Logo Questions Linux Laravel Mysql Ubuntu Git Menu
 

How can I integrate xgboost in spark? (Python)

I am trying to train a model using XGBoost on data I have on the hive, the data is too large and I cant convert it to pandas df, so I have to use XGBoost with spark df. When creating a XGBoostEstimator, an error occur:

TypeError: 'JavaPackage' object is not callable Exception AttributeError: "'NoneType' object has no attribute '_detach'" in ignored

I have no experience with xgboost for spark, I have tried a few tutorials online but none worked.
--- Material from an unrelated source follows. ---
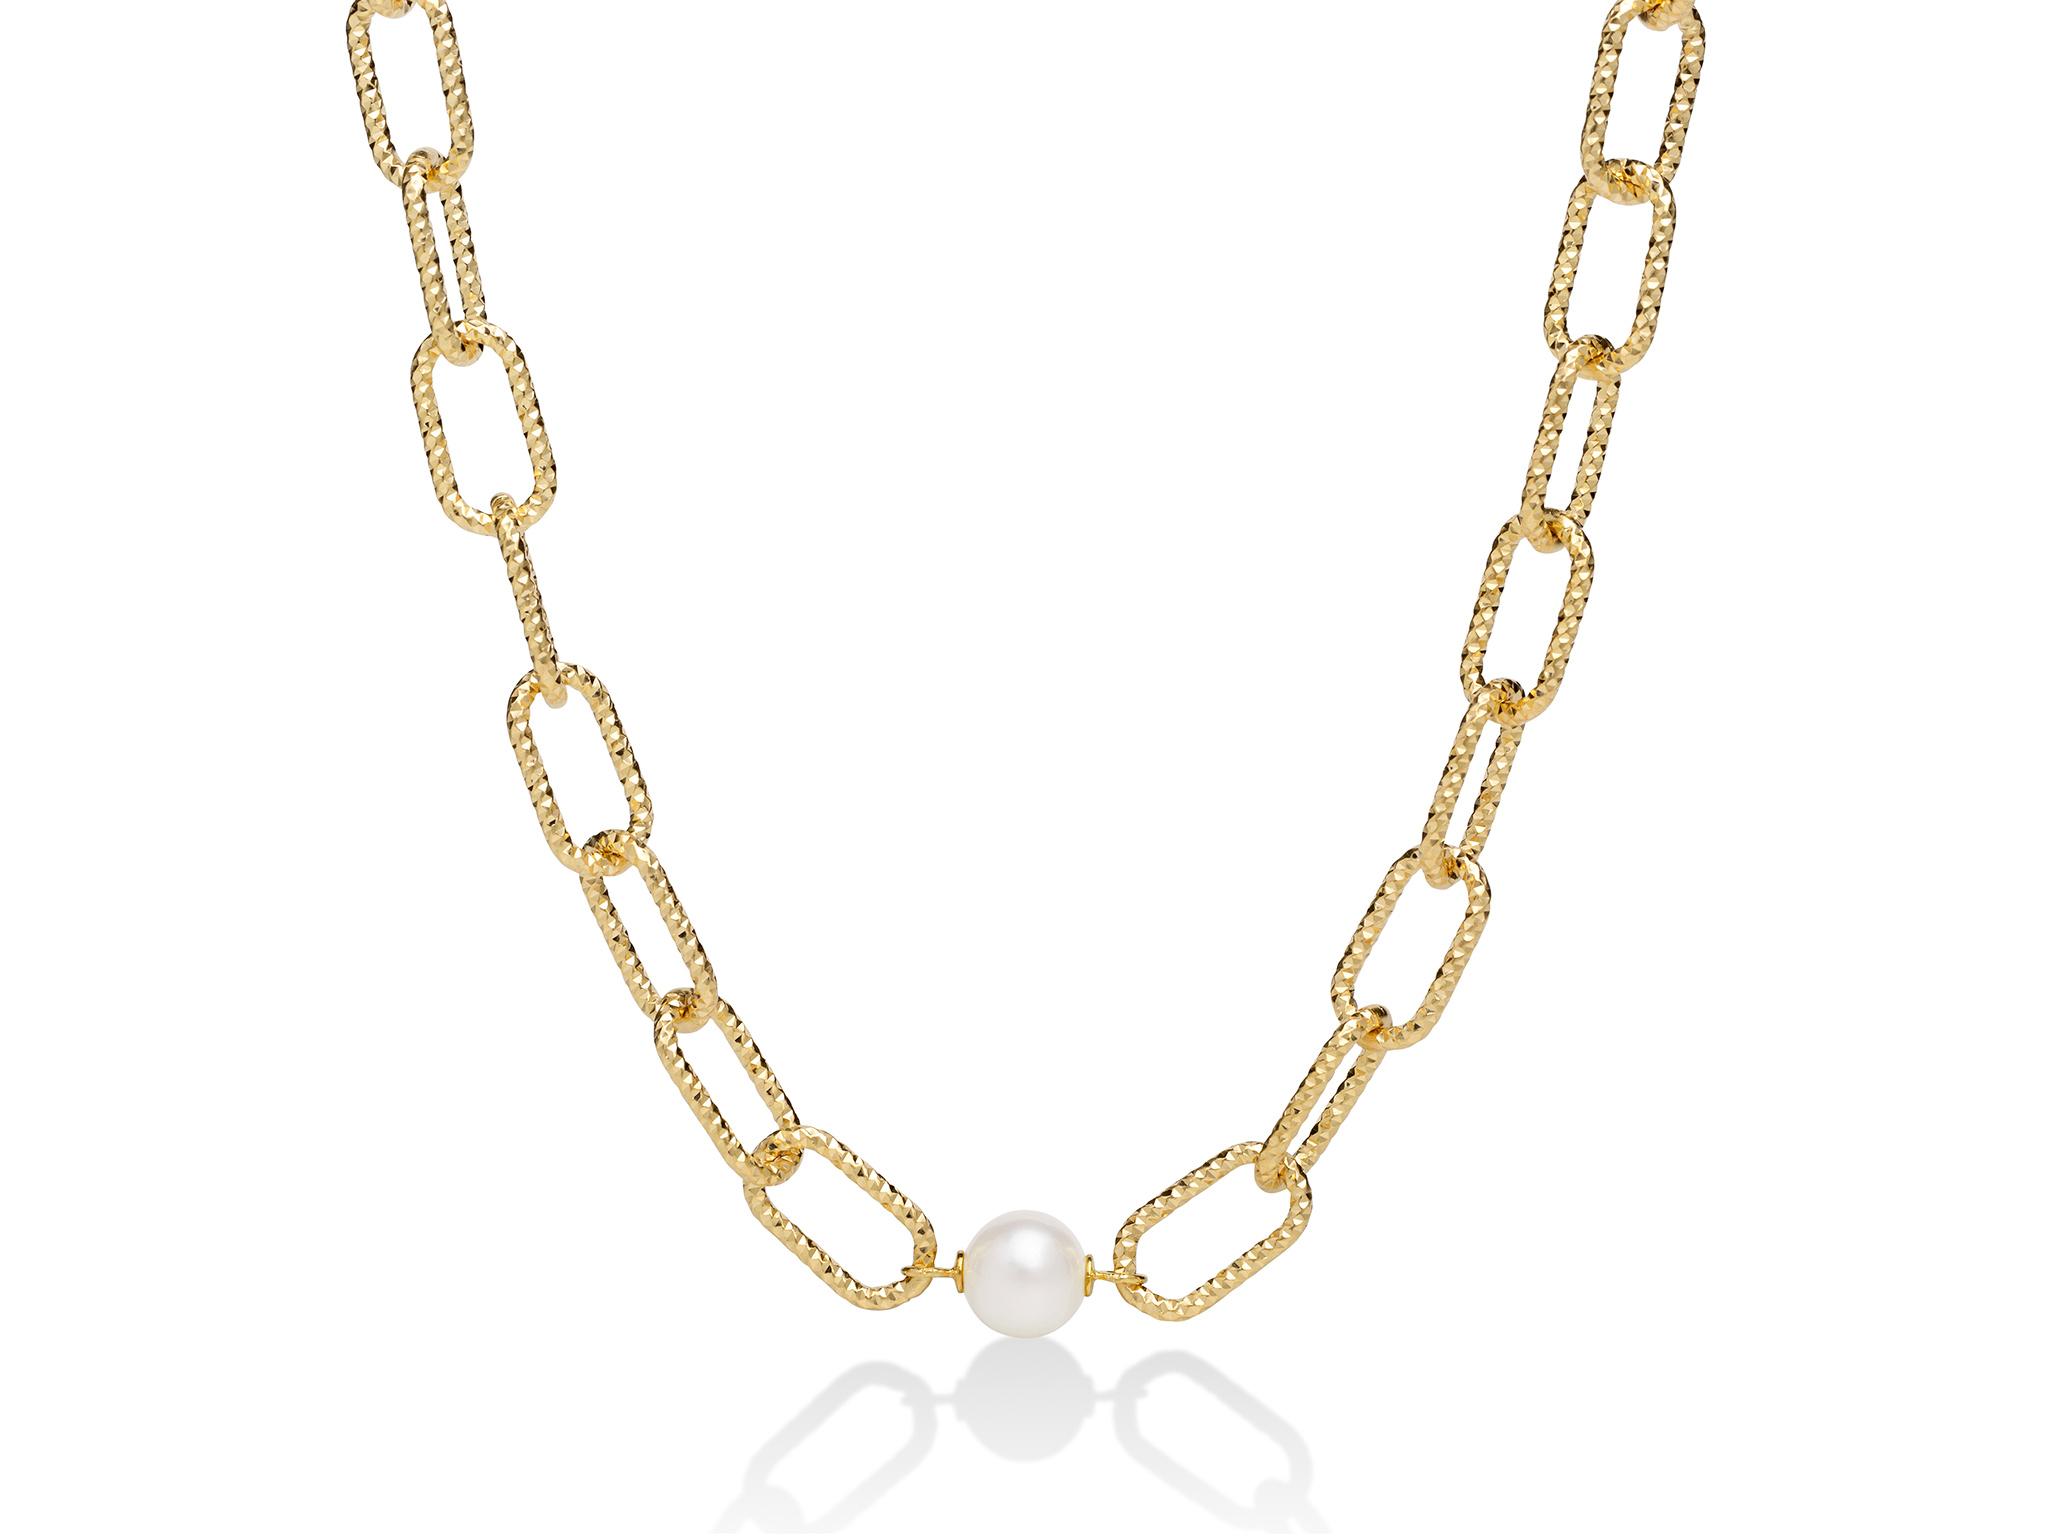 Collana con catena a maglia grande, in argento con perla - PCL6070G

I tried to covert to pandas df but the data is too large and I always get OutOfMemoryException from the Java wrapper (I also tried to look it up and the solution did not work for me, raising the executor memory).

The latest tutorial I was following is:

https://towardsdatascience.com/pyspark-and-xgboost-integration-tested-on-the-kaggle-titanic-dataset-4e75a568bdb

After giving up on the XGBoost module, I started using sparkxgb.

spark = create_spark_session('shai', 'dna_pipeline')
# sparkxgboost files 
spark.sparkContext.addPyFile('resources/sparkxgb.zip')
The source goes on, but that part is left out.